Also, it will be understood that when an element (or component) is referred to as being operated or executed “on” another element (or component), the element (or component) can be operated or executed in an environment where the other element (or component) is operated or executed or can be operated or executed by interacting with the other element (or component) directly or indirectly.
It will be understood that when an element, component, apparatus, or system is referred to as including a component consisting of a program or software, the element, component, apparatus, or system can include hardware (e.g., a memory or a central processing unit (CPU)) necessary to execute or operate the program or software or another program or software (e.g., an operating system (OS) or a driver necessary for driving hardware), unless the context clearly indicates otherwise.
Also, it will be understood that an element (or component) can be realized by software, hardware, or software and hardware, unless the context clearly indicates otherwise.
The terms used herein are for the purpose of describing particular exemplary embodiments only and are not intended to be limiting. As used herein, the singular forms “a,” “an,” and “the” are intended to include the plural forms as well, unless the context clearly indicates otherwise. It will be further understood that the terms “comprises” and/or “comprising,” when used in this specification, do not preclude the presence or addition of one or more other components.
Hereinafter, the present disclosure will be described in detail with reference to the drawings. In the following description of particular embodiments, many details are provided so as to describe the embodiments in further detail and to aid in understanding the present disclosure. However, those of ordinary skill in the art will appreciate that the embodiments could be used without such details. In some cases, descriptions that are well known but have no direct relationship to the present disclosure will be omitted to prevent the present disclosure from being obscured.
Referring to
The sequencer 10 generates a read sequence from a sample, and the sequence alignment apparatus 100 maps the read sequence generated by the sequencer 10 to a known reference sequence.
The sequence alignment apparatus 100 (referred to as “sequence apparatus 100” below) including the computer-readable recording medium in which the program for performing a sequence alignment method according to an exemplary embodiment of the present disclosure is recorded may perform exact matching based on sequence homology and also inexact matching that permits mismatching within an error tolerance E.
The sequence apparatus 100 according to the present embodiment searches a reference sequence for all mappable positions and determines the mappable positions as candidate positions in consideration of all combinable variations (deletion, substitution, or insertion) for a partial section of the read sequence (referred to as a “fragment” below). Here, the sequence apparatus 100 may search for a position matching with the fragment using a known mapping method (e.g., a method using the Burrows-Wheeler transform (BWT) and a suffix array).

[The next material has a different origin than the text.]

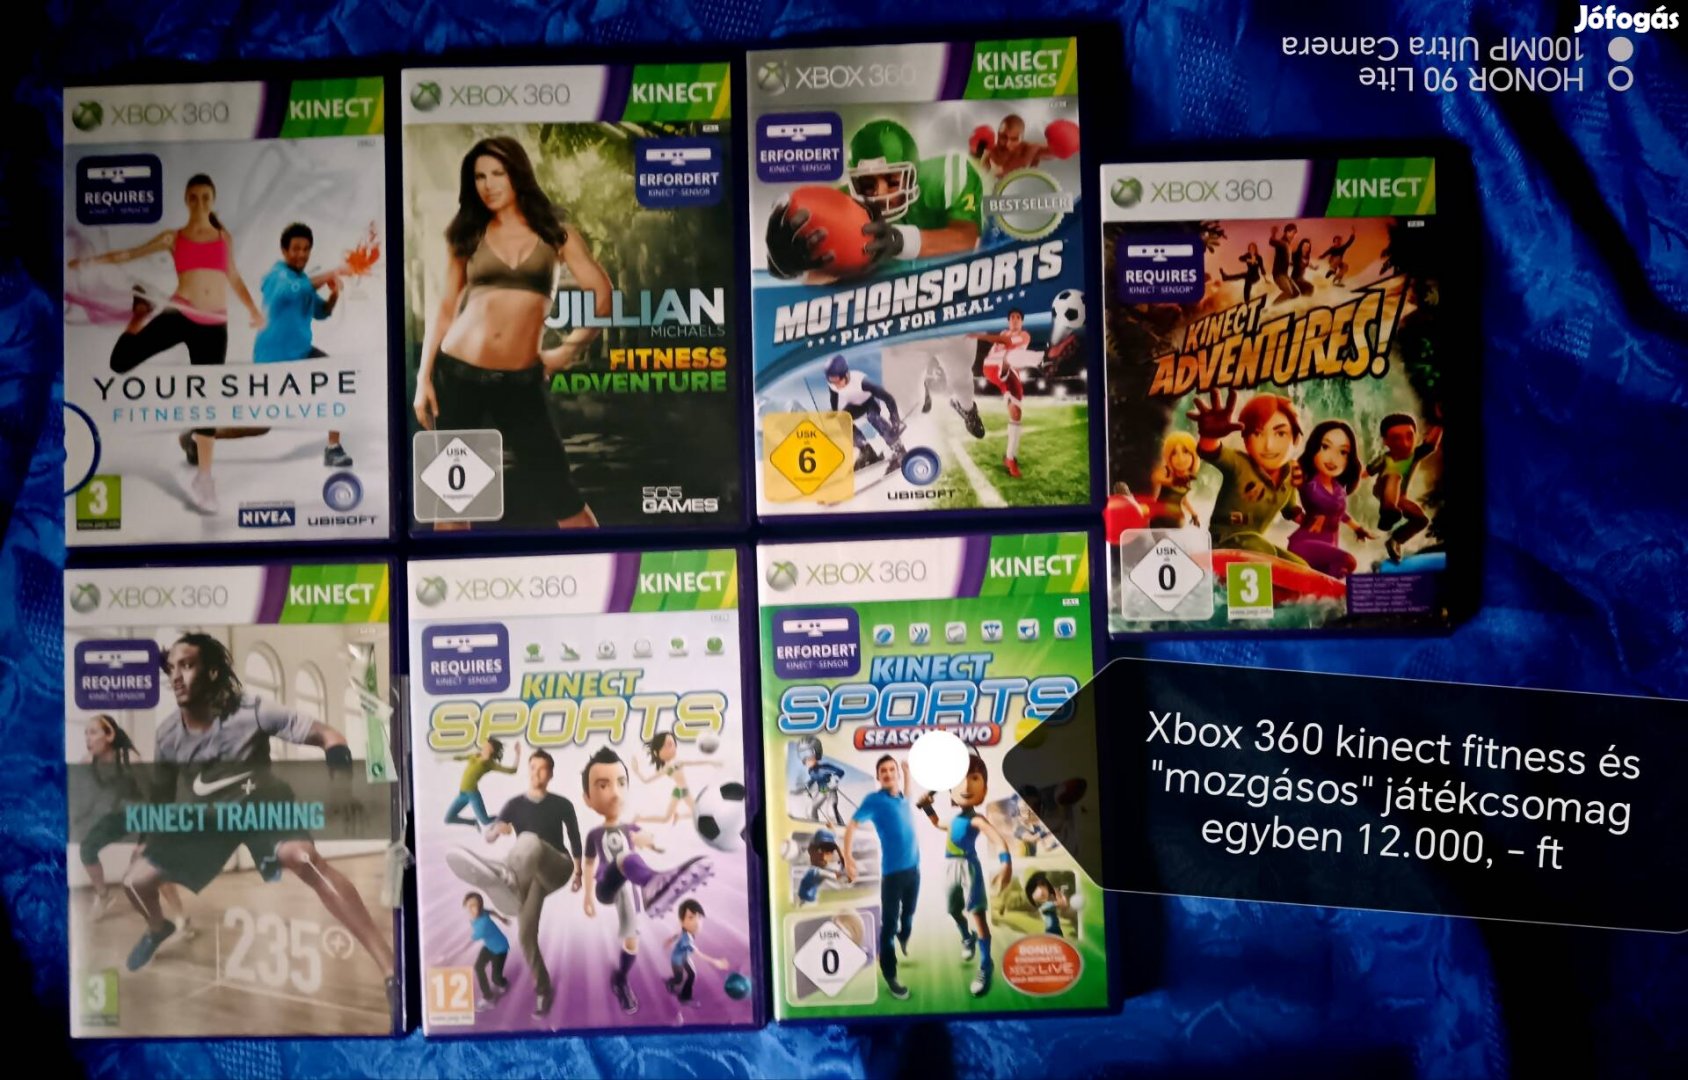 Xbox 360 fitness és mozgásos kinect játékcsomag 
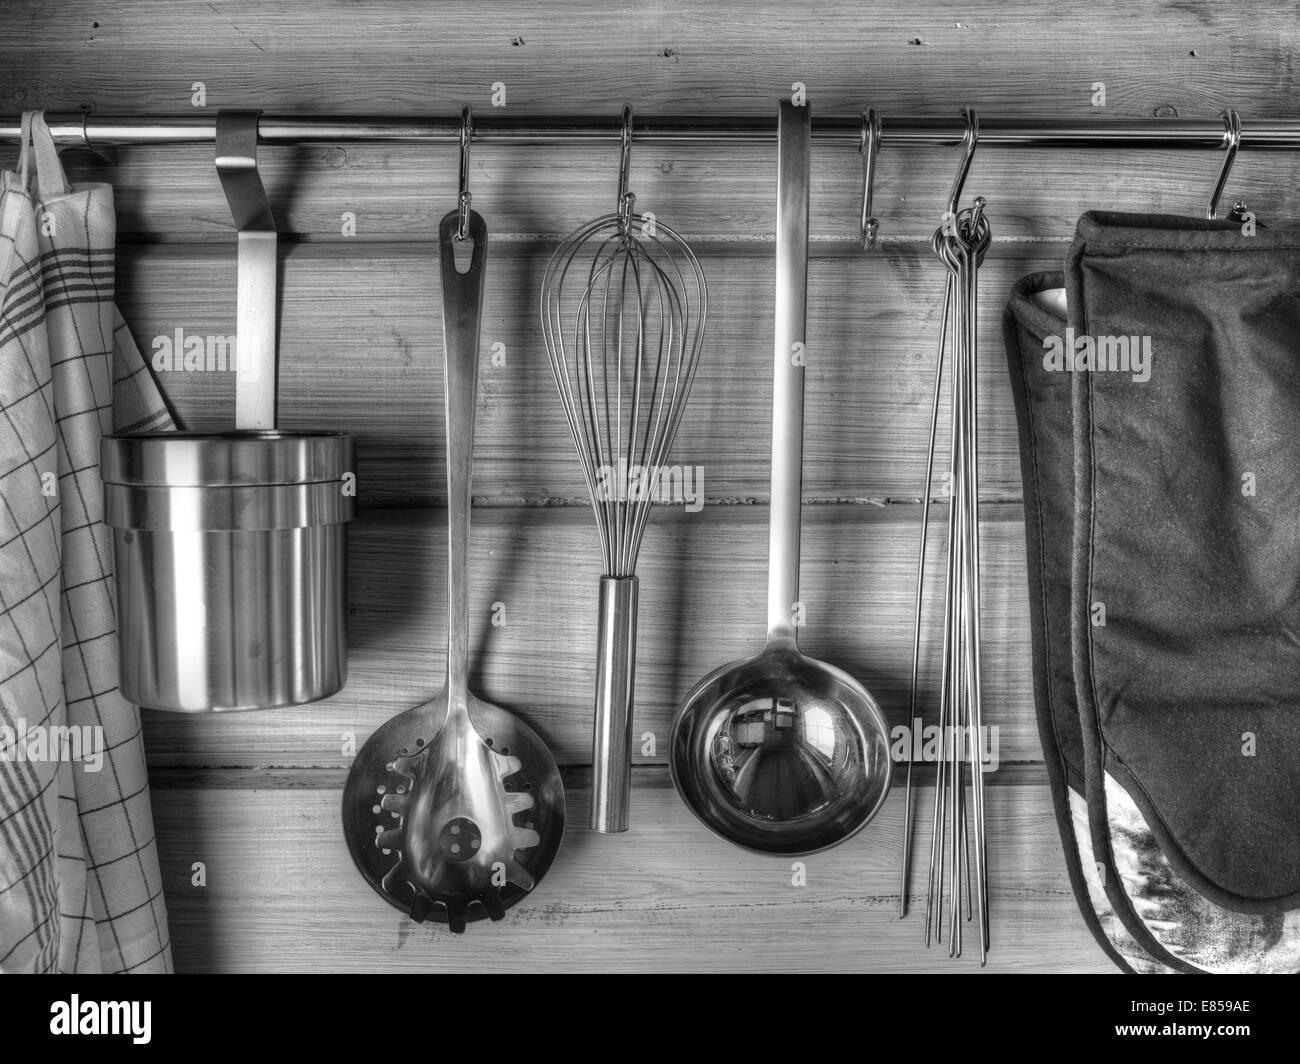 Das Geschirr hängt an der Wand, schwarz / weiß Bild Stockfoto

According to an exemplary embodiment of the present disclosure, a start position of the fragment may be determined to be a first base in the read sequence. Alternatively, the start position of the fragment may be determined to be a second base in the read sequence. Alternatively, the start position of the fragment may be determined to be a third base in the read sequence. Alternatively, the start position of the fragment may be determined to be a random position between the first base in the read sequence to a base at half the length of the read sequence. For high accuracy, the position of the fragment is determined to be a section having a predetermined length from the first base of the read sequence, but the present disclosure is not limited to such a position.
Referring to
The sequence apparatus 100 compares a remaining sequence of the read sequence with a reference sequence based on the candidate positions. For example, the sequence apparatus 100 maps a reference sequence R1 right behind the candidate position M1 and the remaining sequence of the read sequence to each other, a reference sequence R2 right behind the candidate position M2 and the remaining sequence of the read sequence to each other, and a reference sequence R3 right behind the candidate position M3 and the remaining sequence of the read sequence to each other.
Meanwhile, when the fragment is not selected from the first position of the read sequence but is selected from any one of subsequent positions, remaining sequences are in front of and behind the fragment. In this case, the sequence apparatus 100 may map a reference sequence right in front of the candidate position as well as a reference sequence right behind the candidate position to the remaining sequences.
When matching is impossible while the sequence apparatus 100 is performing a mapping operation between the remaining sequence of the read sequence and reference sequences of the candidate positions M1, M2, and M3 (e.g., inexact-matching within the error tolerance E is not possible), the sequence apparatus 100 may jump a predetermined distance and then continue to perform the mapping operation. Here, the jump distance may be a value of the maximum error tolerance E according to the sequence length. For example, when the sum of error tolerances of previously selected candidate positions is k, the jump distance may be E−k or less.
Alternatively, when matching is impossible while the sequence apparatus 100 is performing a mapping operation between the remaining sequence of the read sequence and reference sequences, a jump is not performed unconditionally but is performed only if a previous mapping result satisfies a minimum matching distance. Referring to
When a mapping result between the remaining sequence of the read sequence and the candidate position M1 indicates as much matching as the minimum matching length mS or more, the sequence apparatus 100 stores such a matched portion as a mapping fragment (in
When all mapping fragments up to the end of the read sequence are stored, the sequence apparatus 100 attempts to connect the stored mapping fragments. For example, the sequence apparatus 100 determines whether or not mapping fragments are connected based on a read sequence of a mapping fragment, information on a position of the mapping fragment in a reference sequence, and the maximum error tolerance E input as a parameter value.
For example, the sequence apparatus 100 connects mapping fragments when Equation 1 below is satisfied.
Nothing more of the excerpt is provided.